Regarding your high level observations;

1) About  the figure you described  with a connection between  S1 and S2:

  —------S1
/        |
C1       |
\        |
  ——-----S2
You say that S1 or S2 can proxy a request, this is for me rather equivalent  to S1 having a collocated  proxy DA, so being a particular case of figure 5.3. So I suggest to continue to use 5.3 also covering servers with non colocated DAs, unless you would you like the above use case to be handled separately

I agree that the path C1>S1 (or C1>A1>S1 in 5.3) is more efficient than C1>S1>S2 ( or C1>A1>A2>S2 in 5.3) and that other “cross connect” use cases in other figures also present paths with more hops than others.  The question which you raise and on which the group will have to take  a decision is:  do we focus only on load balancing between the shortest paths (longer paths used only for overload or failure cases as you indicated ), or if it is relevant to also  consider longer paths for load balancing, the second choice may significantly make the load balancing information to deal with more complex. But we have first  to assess the requirement.
Two hereafter observations

1.1) In figure 5.3: if S1 is more loaded than S2 , for realm routed requests, C1, to achieve load balancing, needs a  load info for the realm via  A1 (according to S1 load),  and another load info via A2 (according to S2 load)

1.2)  Another drawing

C1---A1------S1
    |
    |
C2---A2------S2

if S1 is more loaded than S2, A1 may send some traffic coming from C1 to S2 via A2, so with  a longer path C1>A1>A2>S2 than C1>A1>S1. This means that A1 has load information about S2 and about S1 to do load balancing. Does this case enter our scope.?

2) About
   ——A1--S1...Sn
 /
C
 \
   ——A2--Sn+1...Sm

My drawings 5.5 to 5.7 appear to be a bit confusing, in fact my diagrams should be corrected as this one:

      /---S1
   ——A1---...
  /  |\---Sn
 /   |
C    |
 \   |/--Sn+1
   ——A2--...
      \--Sm
So the upstream servers are  directly connected to a DA.

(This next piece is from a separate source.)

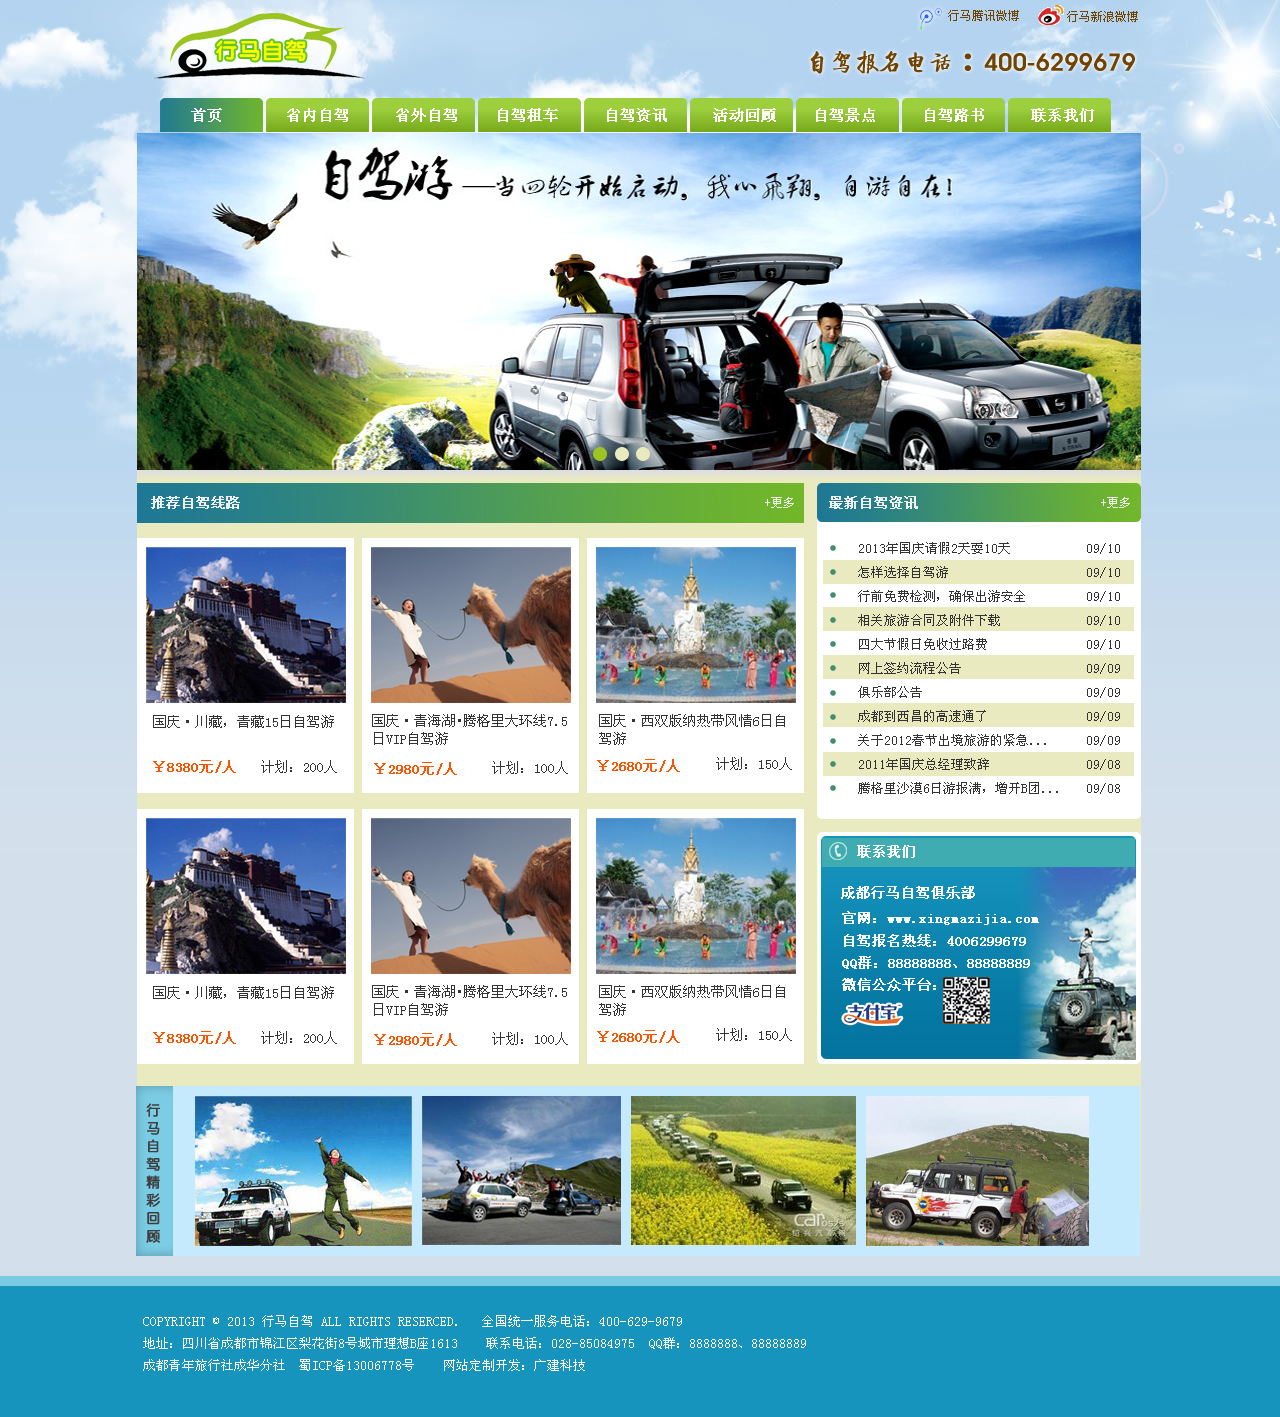 蓝色的户外旅游网站模板设计psd素材下载

3) Please let me know how you would like to Insert the analysis into the new version of your draft .  I think we may have a dedicated section about topology use cases.

Best regards

JJacques

De : Ben Campbell [mailto:ben@nostrum.com]
Envoyé : mercredi 7 janvier 2015 01:01
À : TROTTIN, JEAN-JACQUES (JEAN-JACQUES)
Cc : dime@ietf.org
Objet : Re: [Dime] Diameter load control inputs

Hi JJacques,

To answer your lat question first, I think this is a useful analysis, and would be willing to combine it into a new version of my previous draft. We can talk about the details of that offline.

Second, some high level observations:

First, From a load-balancing perspective, Figure 5.3 is functionally equivalent to the following:

  —------S1
/        |
C1       |
\        |
  ——-----S2
Where S1 and S2 can proxy requests to the other according to some policy (e.g. load balancing). I don’t mean to suggest you would deploy it that way, but it makes another observation more obvious, which is that C1->S1 or C1->S2 are more efficient than C1->S1->S2 or C1->S2->S1.

My initial reaction is to think that we can generalize this to the various use cases that have cross-connected agents. That is, when all else is equal, shorter paths between
client and server are better than longer ones. This seems to suggest that the cross-path connections be reserved for failure or overload cases. This probably has implications on whether the load metric sent by an agent should somehow aggregate the load metrics of its servers. (Or at least take them as an input.)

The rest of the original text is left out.